Mitversichert sind Schäden
im Bereich der Fahrzeugteilversicherung bei Eintreten von Elementarschäden
verursacht durch Überschwemmung, Wassereinbruch und Untergang, Schneedruck,
Lawinen, Erdrutsch, Erdsenkung, Erdbeben und Vulkanausbruch.
Mitversichert gilt der
Differenzbetrag zwischen der Entschädigung nach AKB und einem höheren
Leasing-Restwert bei Leasingfahrzeugen.
Mitversichert sind
allgemeine Regiekosten als Ersatz für Aufwendungen, die dem Versicherungsnehmer
in Zusammenhang mit der Feststellung und Abwicklung des Versicherungsfalles
entstehen.
Regiekosten sind auf
Erstes Risiko mit einem Betrag von 150.000,00 EURO versichert. Die Kosten
werden nach Einzelnachweis erstattet. Regiekosten sind dann zu erstatten, wenn
der versicherte, ersatzpflichtige Schaden voraussichtlich über 25.000,00 EURO
beträgt.
Klarstellung:
Regiekosten sind nicht
definierbare Kosten, die in unmittelbarem Zusammenhang mit einem
Versicherungsfall entstehen können. Hierunter fallen Ereignisse, die von den
AKB nicht erfasst sind. Hierzu zählen z. B. Entsorgungskosten des ausgebrannten
Fahrzeugs, oder PR-Kosten in Zusammenhang mit einem Unfall.
Schäden zwischen eigenen
Fahrzeugen sind hierin miterfasst. Der Selbstbehalt beträgt 20 % pro
Schadenfall. Die Jahreshöchstentschädigung für alle eintretenden Schadenfälle
beträgt 25.000,00 EURO pro Jahr.
Beginn und
Ende des Versicherungsschutzes:
Der Versicherungsschutz beginnt für neu
hinzukommende Fahrzeuge mit dem Tag der Gefahrtragung durch den
Versicherungsnehmer.
Der Versicherungsschutz endet im Falle des dauernden
Wagniswegfalls gem. § 6a AKB für das einzelne Kraftfahrzeug mit dem Tag der
amtlichen Abmeldung um 0:00 Uhr; im Falle der Veräußerung gem. § 6 AKB mit dem
Tag der amtlichen Abmeldung, bzw. Ummeldung auf den Erwerber, jeweils um 0:00
Uhr. Solange das Fahrzeug im Gefahrenbereich des Versicherungsnehmers ist,
besteht Versicherungsschutz für die Dauer von einem Jahr nach der amtlichen
Stillegung.
Meldepflicht:
Die Meldung der Fahrzeuge erfolgt durch Einreichen
einer Kopie des Fahrzeugscheines oder des Fahrzeugbriefes.
Dabei wird
folgende Unterteilung vorgenommen:
Gruppe 1: PKW
Gruppe 2: LKW
Gruppe 3: Zugmaschinen
Gruppe 4: Omnibusse
Gruppe 5: Anhänger
Prämienberechnung:
Für die jeweiligen Fahrzeuggruppen werden die
Prämien vom Versicherungsunternehmen aufgrund der Schadensaufwendungen in EURO
im Verhältnis zur Stückzahl der Fahrzeugflotte der letzten fünf Kalenderjahre
berechnet
Die Beiträge beinhalten jeweils die
Krafthaftpflicht-, die Fahrzeugvoll- und die Fahrzeugteilversicherung.

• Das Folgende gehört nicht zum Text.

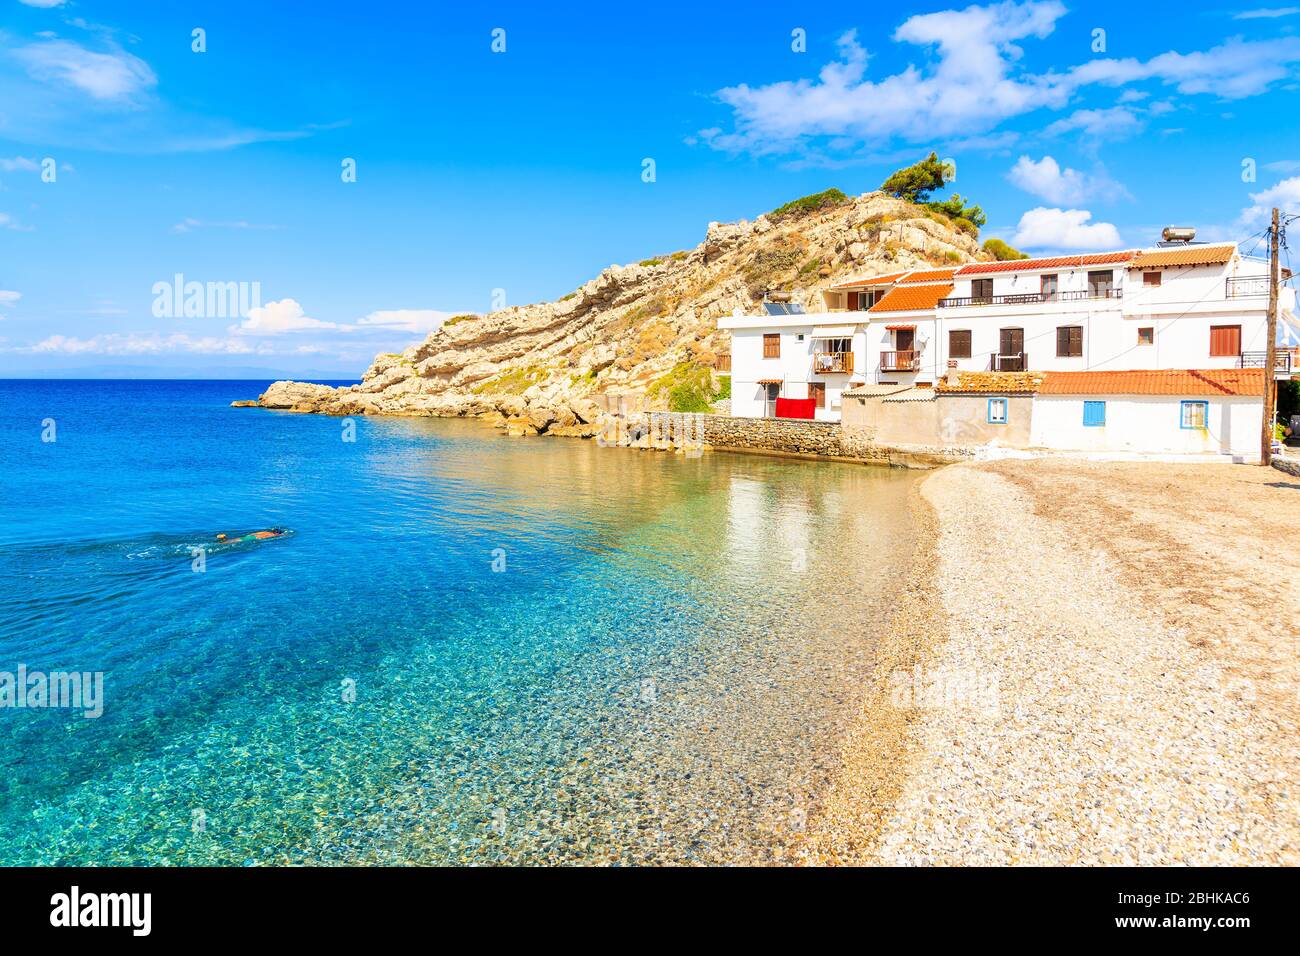 Snorkeler swimming in crystal clear azure sea water in Kokkari village with typical white houses on shore, Samos island, Aegean Sea, Greece Stock Photo

Dem Versicherungsnehmer bleibt es vorbehalten, die
Prämien jährlich, halbjährlich, vierteljährlich oder monatlich zu bezahlen. Bei
unterjähriger Zahlungsweise wird kein Ratenzuschlag erhoben.

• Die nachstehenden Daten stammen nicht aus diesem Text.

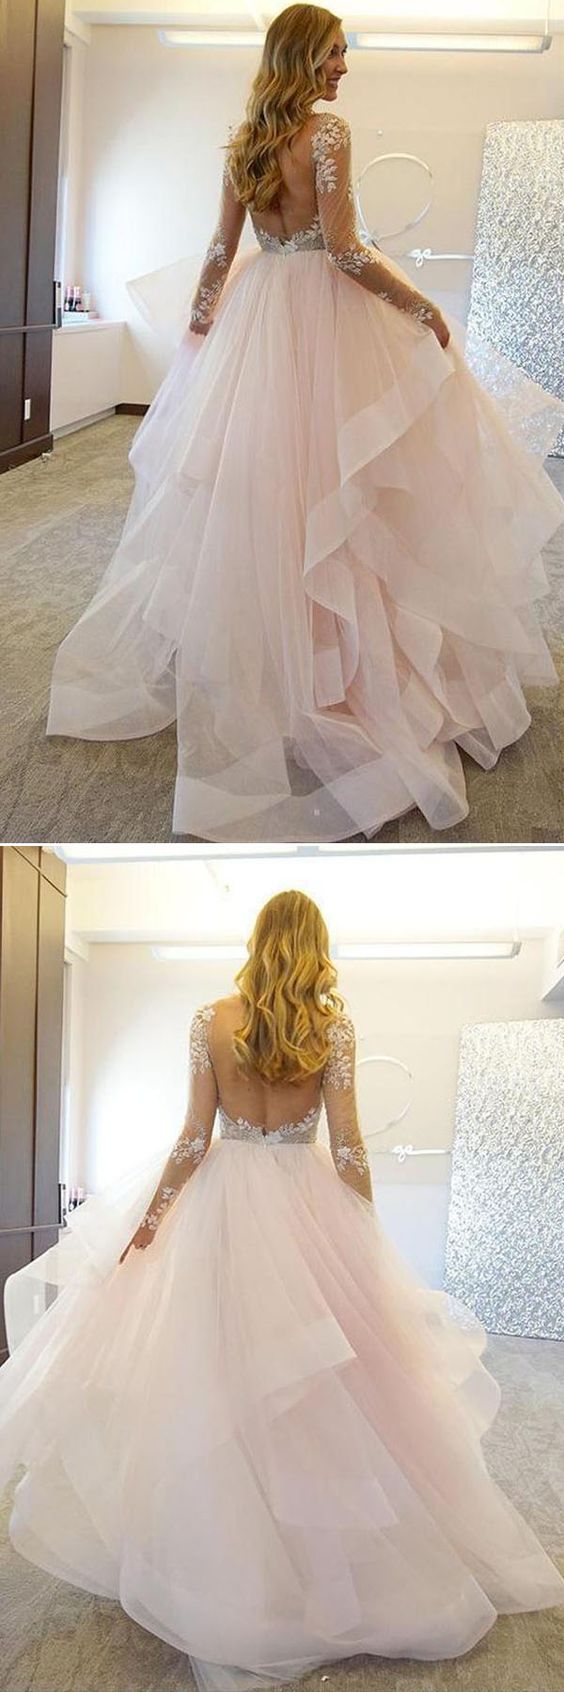 Backless Tulle Skirt Long Sleeve Princess Ruffle Wedding Dress with Sleeves GDC1131-Dolly Gown

Der Versicherungsnehmer hat die voraussichtlichen
Fährfahrten bis zum 31.01. des Folgejahres zu melden. Zu diesem Zeitpunkt
erfolgt auch die Abrechnung zum abgelaufenen Versicherungsjahr.
Gewinnbeteiligung: Beispielrechnung:
Einnahmen:
Netto-Beiträge des Versicherungsjahres: EURO 130.000,00
Ausgaben:
bezahlte Schäden des Versicherungsjahres: EURO 60.000,00
reservierte Schäden des Versicherungsjahres: EURO 10.000,00
30 % Verwaltungskosten aus den Einnahmen: EURO 39.000,00
Einnahmen
./. Ausgaben = Überschuß: EURO 21.000,00
aus dem Überschuß 50 %: EURO 10.500,00
Der Überschuß darf maximal 15 Prozent des
Jahresnettobeitrages betragen.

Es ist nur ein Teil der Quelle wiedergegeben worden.